Adjunct Prof. of Computer Science and Mechanical Engineering, Columbia University

Structural and Machine Health Monitoring through the application of Speaker Recognition Techniques

The latest advancements in structural health monitoring of bridges and machinery have a lot of in common with speaker recognition techniques. Starting out as a mechanical engineer and having done considerable amount of machine health monitoring and prognosis in the mid-1980s, the speaker moved on to work in the handwriting and speaker recognition fields, making a connection among these fields.

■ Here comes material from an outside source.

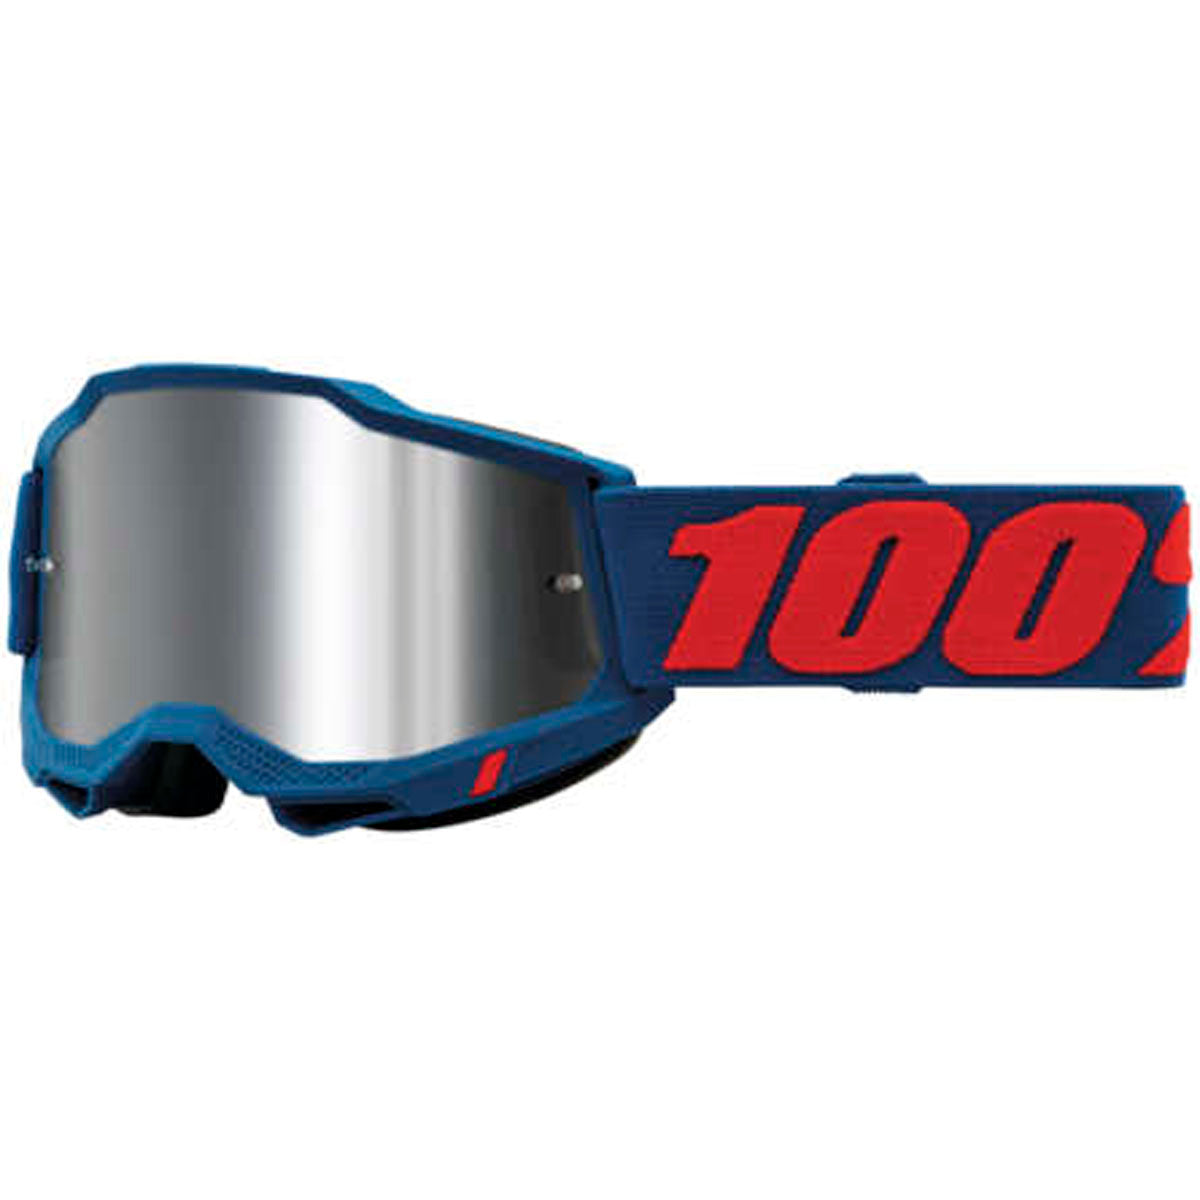 100% Accuri 2 Goggles Odeon / Flash Silver Mirrored Lens

The similarities of these fields are explored and some of the research of the last few years in conjunction with the civil engineering department of Columbia University are discussed. This research has led to a completed PhD and two new PhD projects in that department.  It is also the subject of a graduate course being taught by Dr. Beigi in the mechanical engineering department of Columbia. Cepstral analysis and deep neural networks are at the heart of these techniques which use the similarities in the vibration of structures, such as bridges and buildings, machinery, such as gear-meshes and bearings, and the human vocal tract. Some very promising results are shown in this revolutionary cross-discipline activity.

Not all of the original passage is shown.